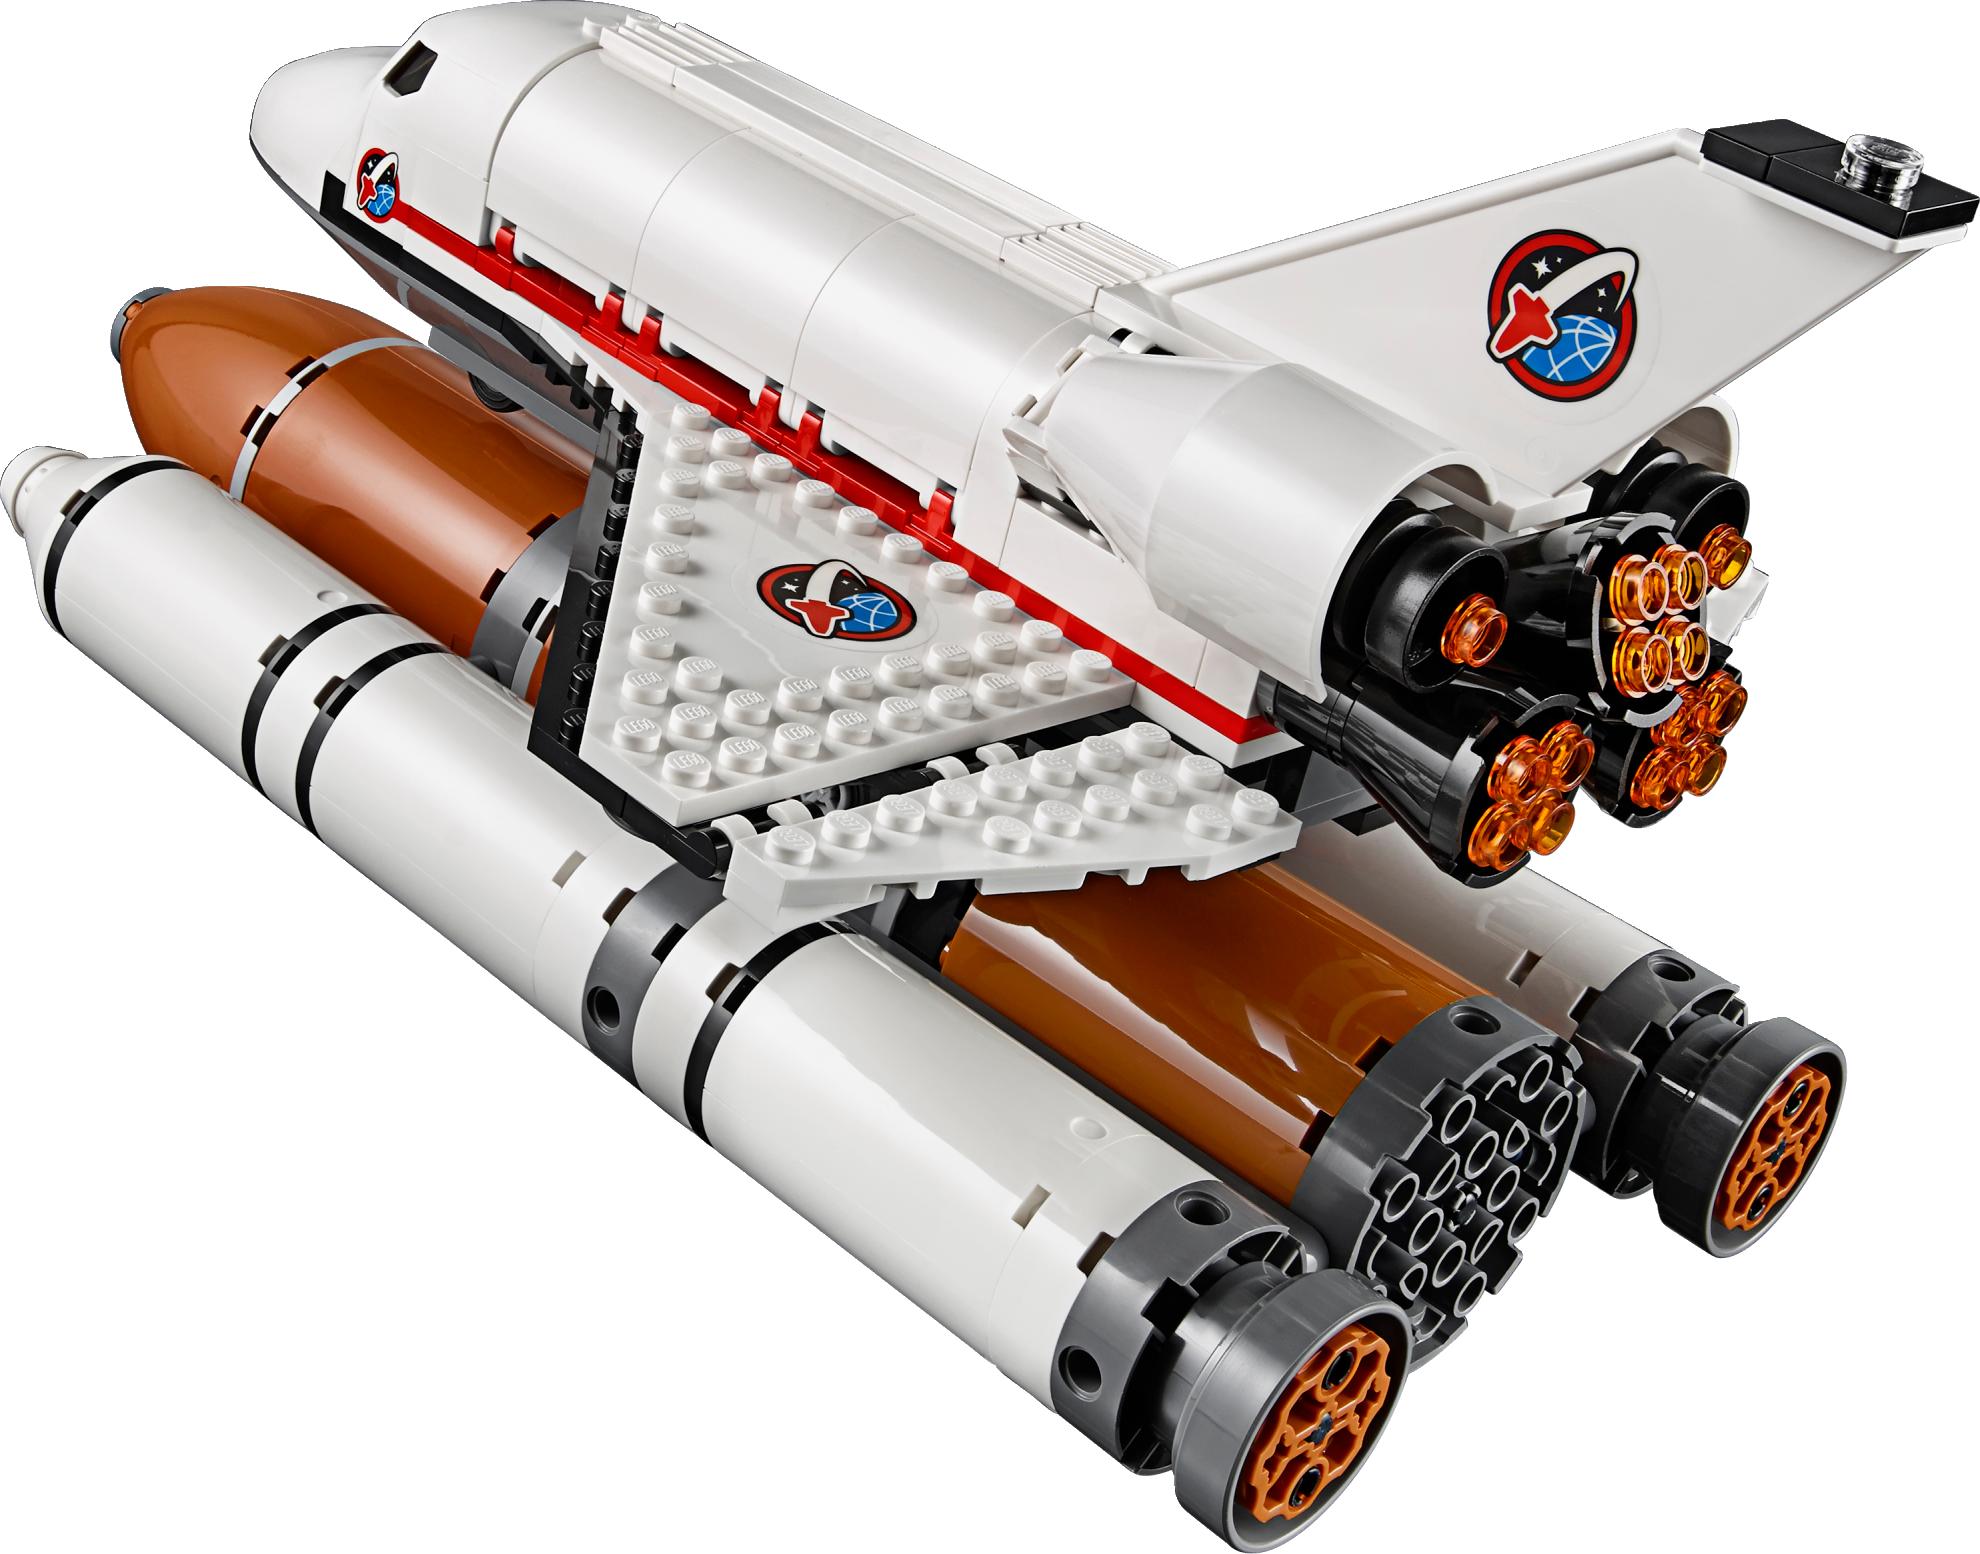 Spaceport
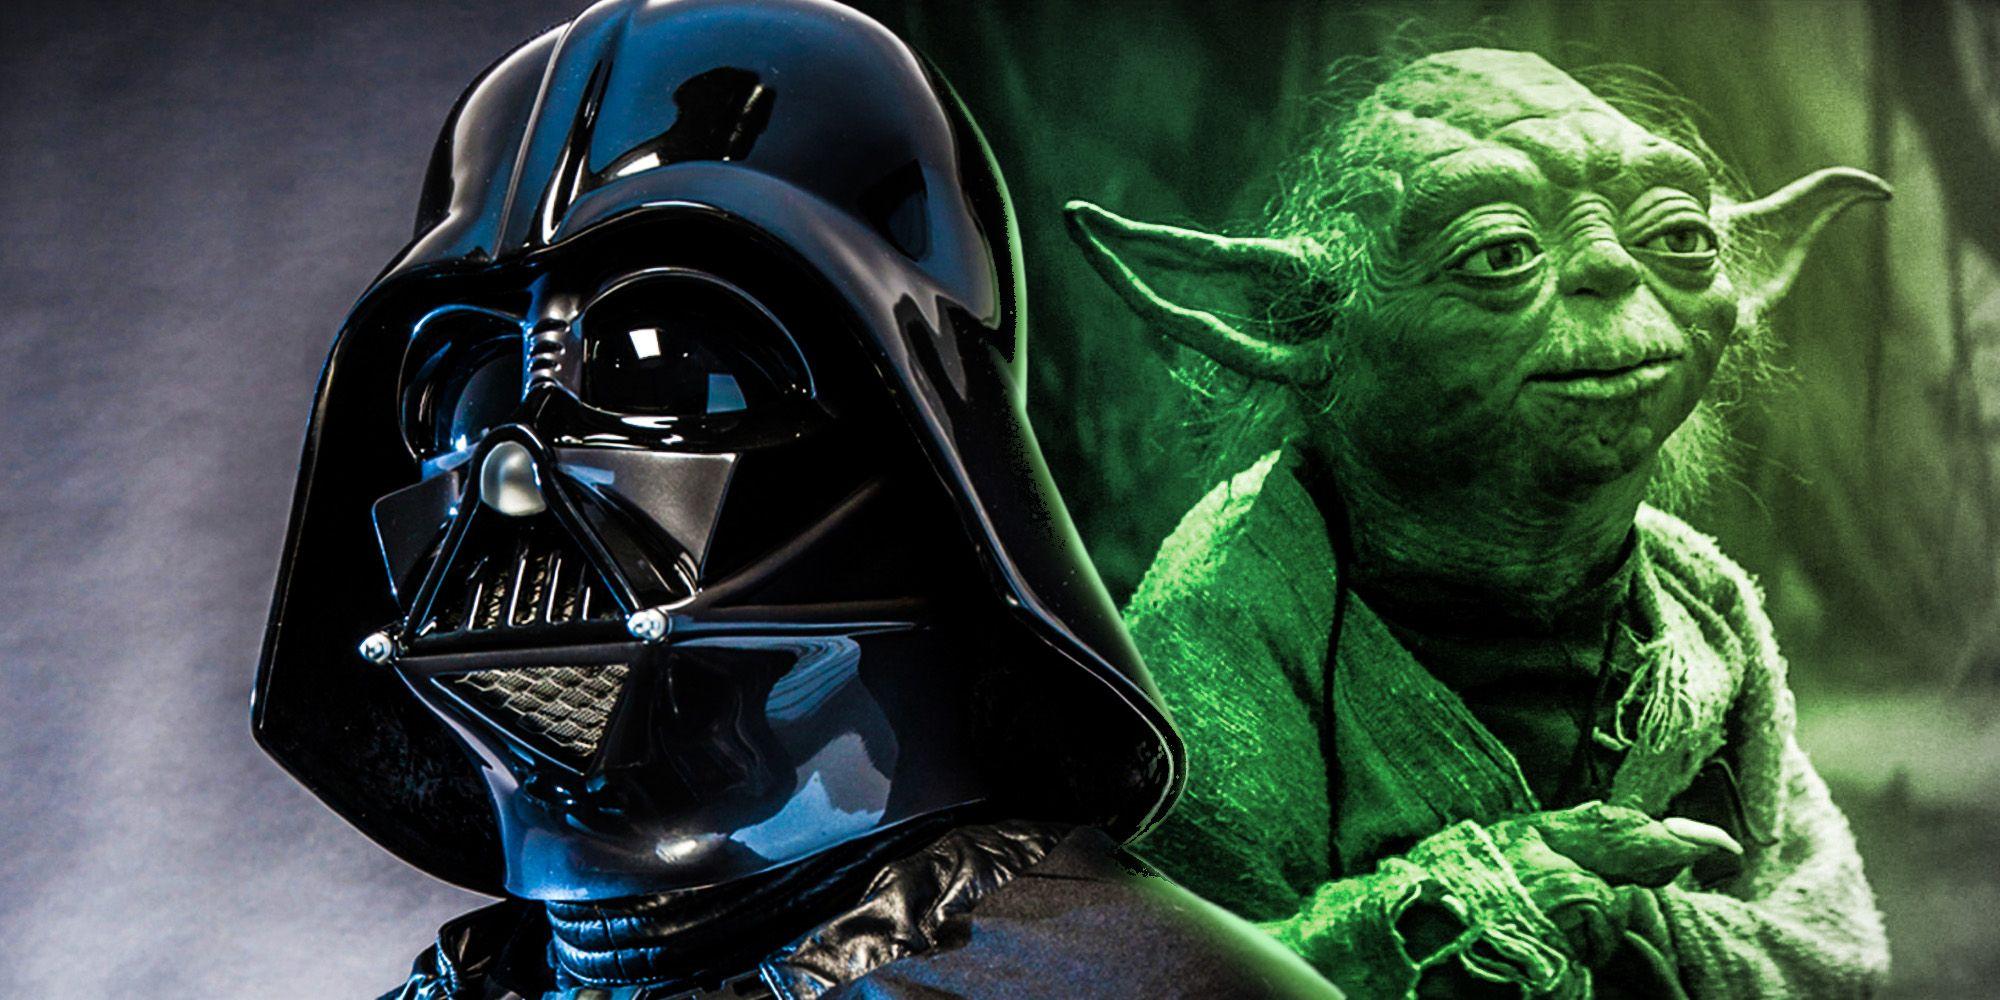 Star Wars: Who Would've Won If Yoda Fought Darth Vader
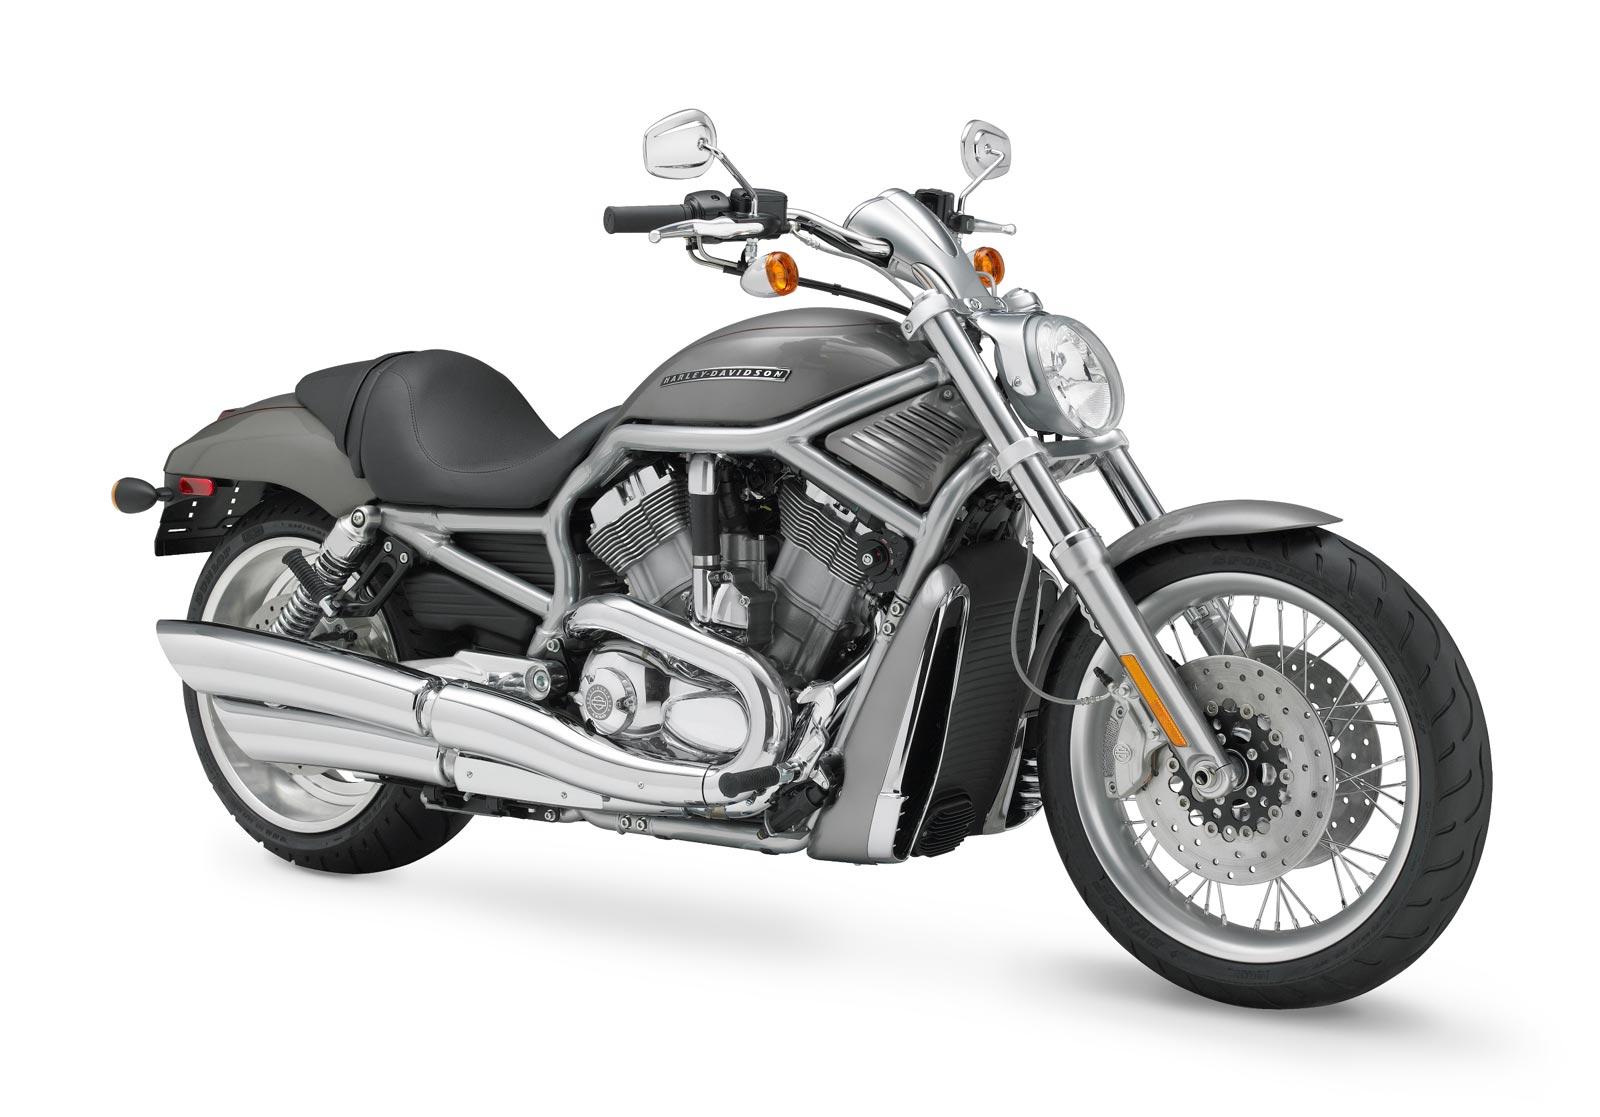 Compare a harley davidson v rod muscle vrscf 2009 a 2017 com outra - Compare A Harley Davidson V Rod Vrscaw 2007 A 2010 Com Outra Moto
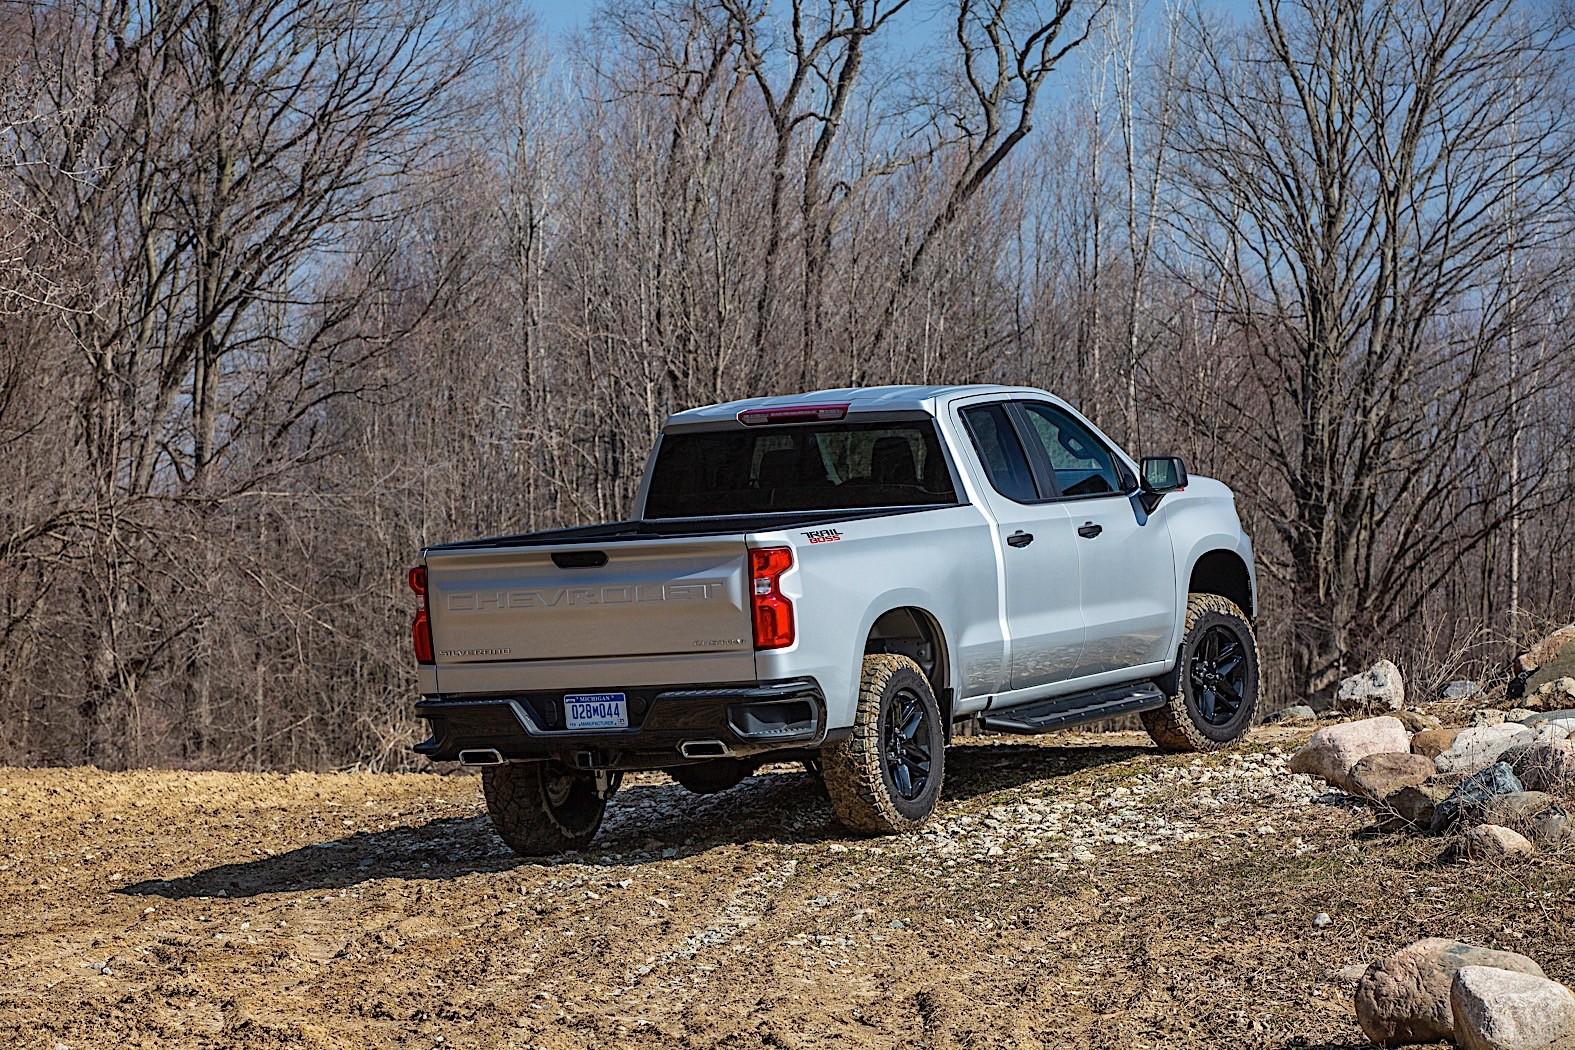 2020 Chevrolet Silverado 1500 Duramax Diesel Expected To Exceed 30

● PROBLEM TO SOLVE: Leave out the pictures, then repeat the listing above exactly from its first line to the line with "Compare a harley davidson v rod muscle", inclusive.

● OUTPUT FOR THIS TASK:
 Spaceport
 Star Wars: Who Would've Won If Yoda Fought Darth Vader
 Compare a harley davidson v rod muscle vrscf 2009 a 2017 com outra - Compare A Harley Davidson V Rod Vrscaw 2007 A 2010 Com Outra Moto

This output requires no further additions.